TDI is characterized with the limitations of angle dependence, limited spatial resolution, and deformation analysis in one dimension [20]. Two dimensional STE is a good method which has been developed recently, can evaluate myocardial functions regionally and globally independently from angle and may be used for detecting different cardiac pathologies. This new technique enables to better evaluate myocardial contraction and relaxation [21-24]. In our study, LVS-4C, LVS-2C, LV-GLS measured by STE were significantly lower in the patients than the control group in addition to the diastolic dysfunction findings detected by conventional Doppler echocardiography and TDI. Additionally, LV-GLSR, LVSR-4C, LVSR-L were found to be significantly lower in the patients than the control group. These findings support the simultaneous presence of both systolic and diastolic dysfunction in BD. Supporting our results, Yagmur et al. [25] previously found that regional and mean longitudinal strain were lower in their patient group than the controls.

Another finding of our study was that LVR-apical and LVTR were higher in BD patients than the control group. The base of the heart makes clockwise rotation however the apex makes counterclockwise rotation [26,27]. The rotation procedes from apex to the base. LV torsion is calculated as the instantaneous net difference of the basal and apical rotation. LV torsion is related to myofibrils. Since it is related to myofibrils, it contributes to LV filling [28,29]. Thus, LV torsion, as LV myocardial deformation, has great importance in determination of dysfunction. LV rotation and torsion increase in impaired relaxation and decrease in restrictive pattern and pseudonormalization [30]. In our study, we found that LV torsion and apical rotation were higher in BD and this result is related to LV diastolic dysfunction (grade 1: impaired relaxation). Depending on this result, we can conclude that LV rotation grade and torsion can determine diastolic dysfunction in early stages of BD. Additionally, LV-GLS and LV-GLSR values were decreased in BD. This finding is important in determination of subclinical LV dysfunction. In our study, even if it was weak, a correlation was detected between LV-GLS and LVTR. In conclusion, we can use all of these parameters in determination of subclinical LV dysfunction.
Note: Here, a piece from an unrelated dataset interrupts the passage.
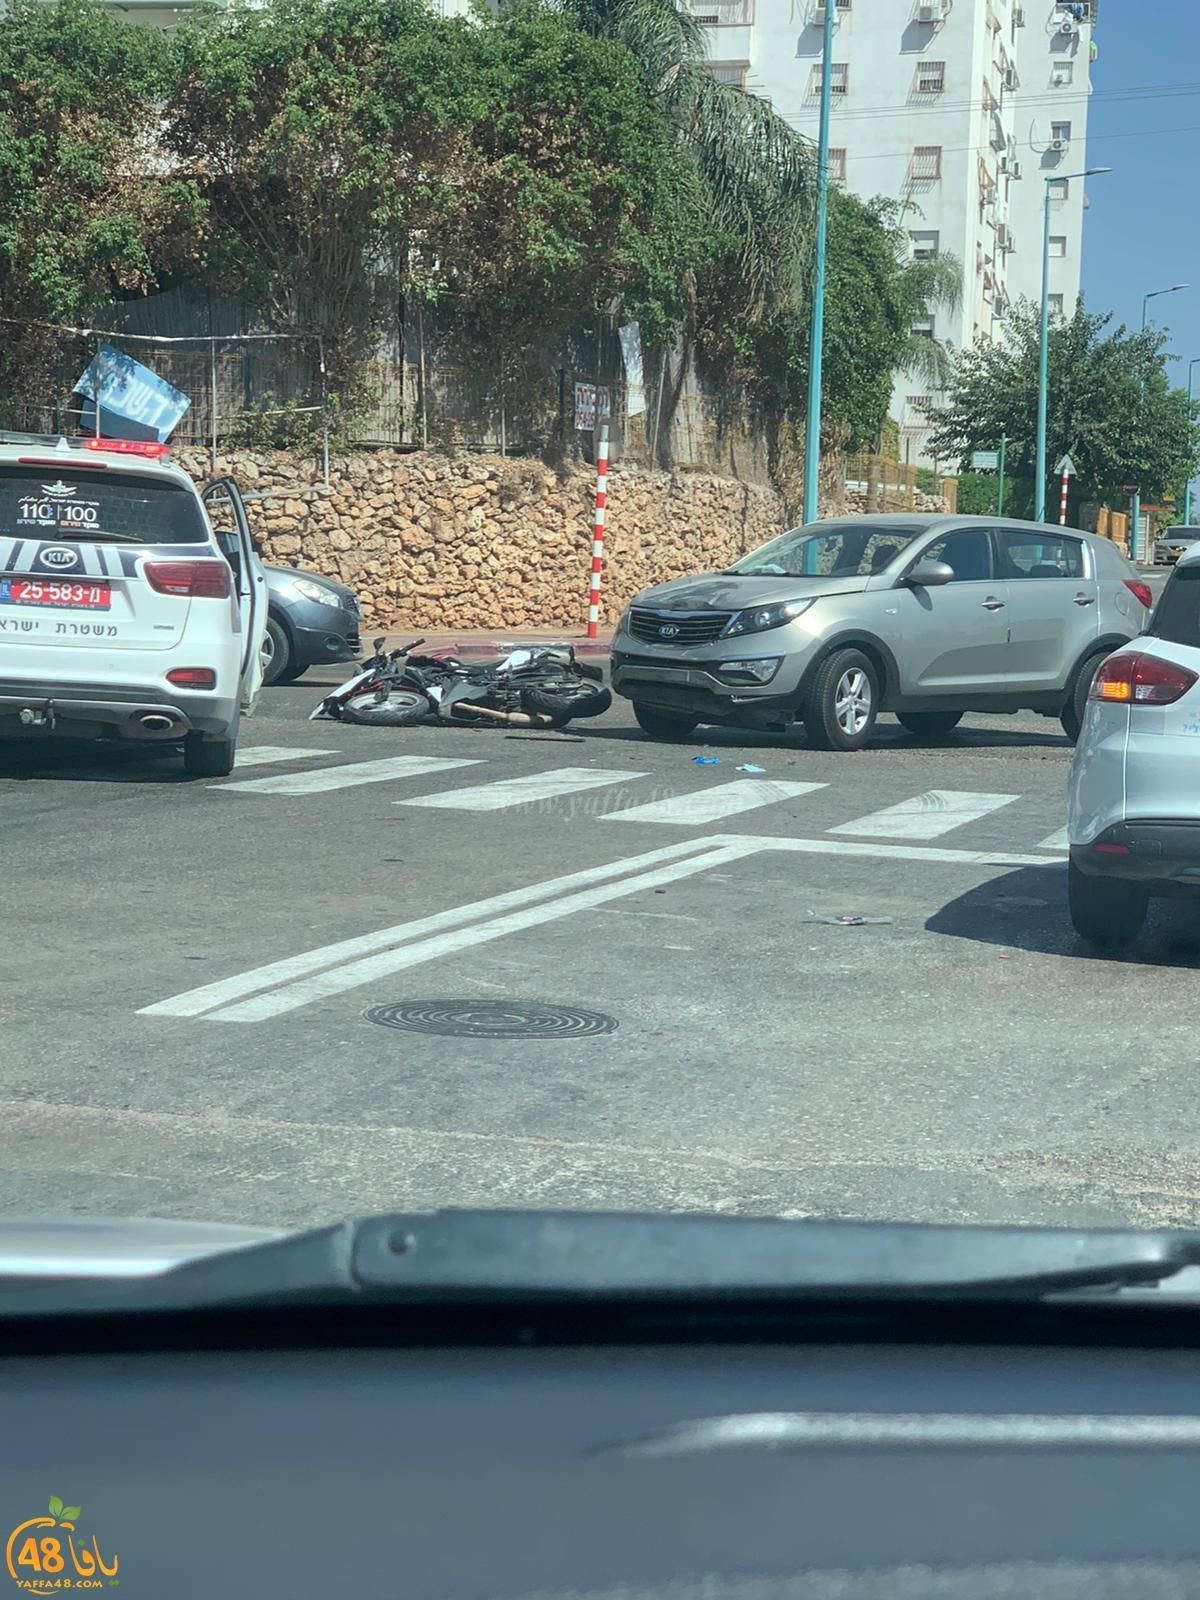 اللد: إصابة متوسطة لراكب دراجة نارية بحادث طرق

The major limitations of our study are relatively small number of the sample size and the inequality of thenumbers of individuals between the patient and the control groups and the variability of the treatment between patients. Another limitation is; only longitudinal strain and strain rate parameters were measured in assessment of LV functions however radial and circumferential strain and strain rate were not used. Since the effect of subclinical dysfunction on prognosis was not among our study objectives, any follow up was not planned. So, the effect of subclinical dysfunction on the prognosis remains unclear. Apart from the echocardiography, although some parameters such as NT-proBNP [25] were studied, no laboratory test could reliably predict the subclinical LV dysfunction in patients with BD is the other limitation of our study.


Although cardiac involvement is rare, it has strong prognostic importance in BD. In our study, LV-GLS and LV-GLSR values were significantly lower, however, LVTR and LVR-apical values were found to be higher in patients with BD. These results are related to subclinical LV dysfunction. Nevertheless, additional studies are needed for practical applications in clinic.


The authors declare that there is no conflict of interest.


A summary of this study were presented as an oral presentation at the congress of 10th International Congress of Update in Cardiology and Cardiovascular Surgery, and the abstract was published in the American Journal of Cardiology, Volume 113, Issue 7, Supplement, 1 April 2014, Pages S35.